Notices
Flight Schools and Training Ratings, building hours, airmanship, CFI topics

Howdy

Old 12-23-2008, 10:41 AM
  #1  
On Reserve
Thread Starter
 
DreamAir's Avatar
 
Joined APC: Dec 2008
Position: C-172 Instructor
Posts: 12
Default Howdy

I've been a long time troller of this forum.

I started working on my CFI back in May, and Passed my Checkride in October. Just wanted to thank every body for their ideas and thoughts on various topics. Currently I'm a freelance insturctor operating out of KAPA.

It was interesting going through my CFI. My instructor is a Regional Pilot so we could only meet up 1-2 times a week at most. What I thought was funny was funny throughout my entire training is that I spent ALOT of time in the plane (71hrs) and very little time on the ground (only 16hrs for ground stuff) Kind of the inverse from what I have heard everyone talk about.

(Now I do admit ALOT of the flight time I spent on my own just practicing manuvers)

Looking back on it, this was not a great summer, alot of heavy stuff was going on in my life, and even at times I felt like I was having to learn how to fly all over again from the right seat! Yet through it all flying helped keep me sain.

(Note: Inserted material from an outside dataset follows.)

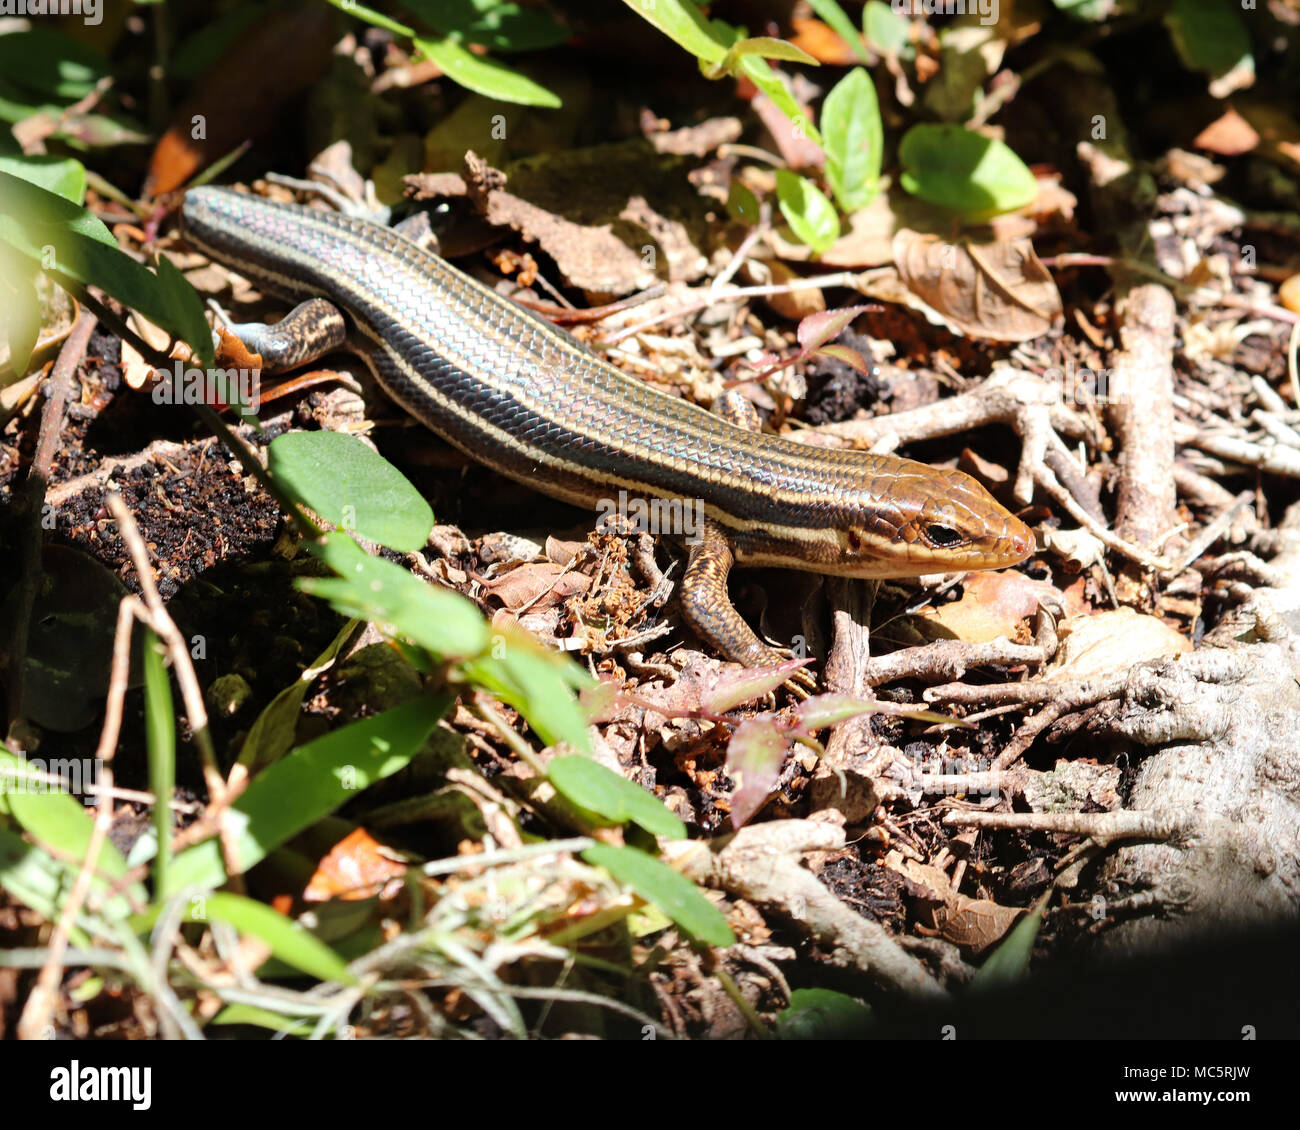 Broad-headed skink with long striped body on wooded ground Stock Photo

The sticking point where I had the most trouble in my CFI training, and really all of my flight training were presision landings. My instructor taught me a different way then my other instructors. My Other instructors had taught me that when I was at my aiming point that I was to reduce power, basicaly doa near-or-power off 180 for a short field. My CFI instructor taught me, and wanted me to do a short field, aiming for 1000ft markers, and on glide path and 1.5 stripes before the markers to pull power and flare. So another word coming in slow and dirty with power.

Turns out that one my first CFI ride I did everything great. I took my checkride with then FSDO, and afew people were surprised to learn I was able to get a FSDO examiner. The Oral went well, about 4 hrs, and my examiner really could tell that I had teaching experiance. Over all the flight portion went well too, except I landed 5 ft short of my mark, and royaly bounced and allowed the airplane to drift left of center line for the shoft field landing. ( for a slip second I was nervous and 'forgot' what I needed to do, most of my practice had been for the short field. I took my check ride two weeks later and passed after making two trips around the pattern.

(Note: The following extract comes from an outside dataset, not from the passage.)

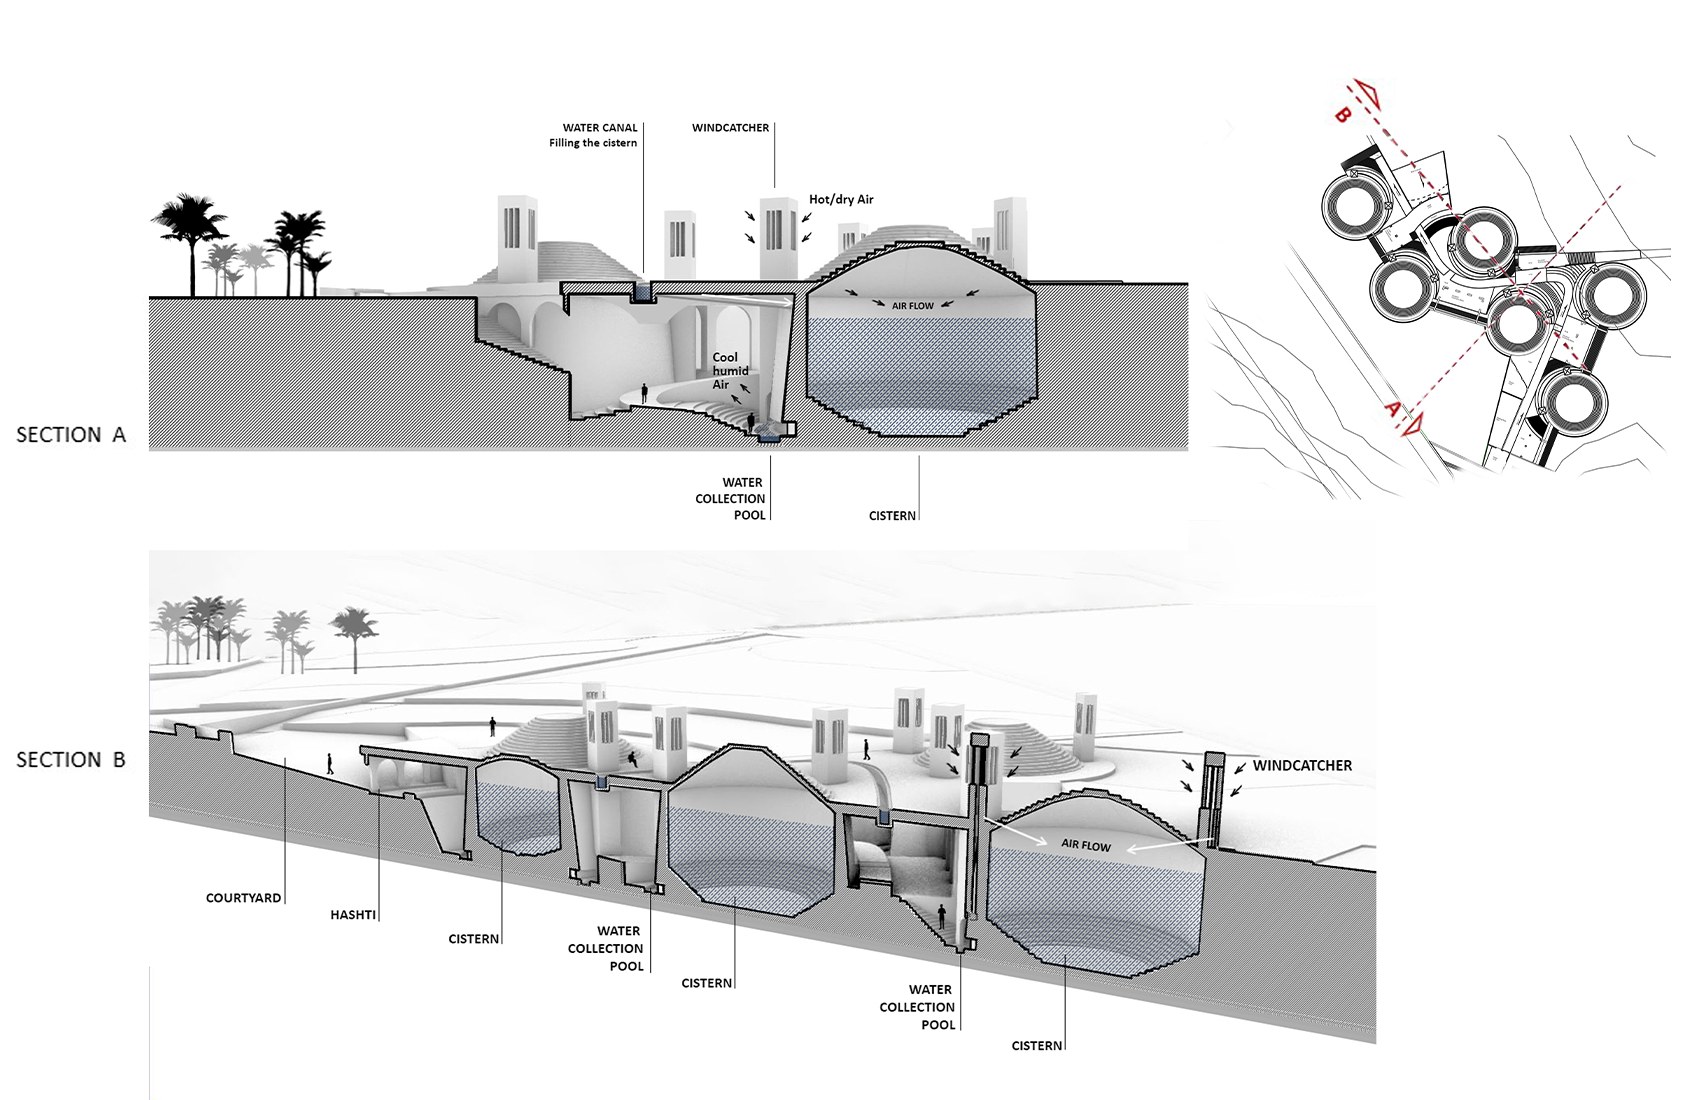 Azadeh Raoufi's thesis project water system section view

So now I'm just looking for students. So far I've helped a pilot get his commercial rating, done afew clubs checks, and a discovery flight. Man it's awesome to get paid to fly, and even better to teach!


If any one is reading this and wondering if they should get their CFI, just do it. As some one else said on here it is one of the most vauble ratings you can have.

Next up, CFII!
DreamAir is offline  
Old 12-23-2008, 11:15 AM
  #2  
Moderator
 
Cubdriver's Avatar
 
Joined APC: May 2006
Position: ATP, CFI etc.
Posts: 6,056
Default

Welcome DA, I hope to hear more from you and thanks for sharing your experience.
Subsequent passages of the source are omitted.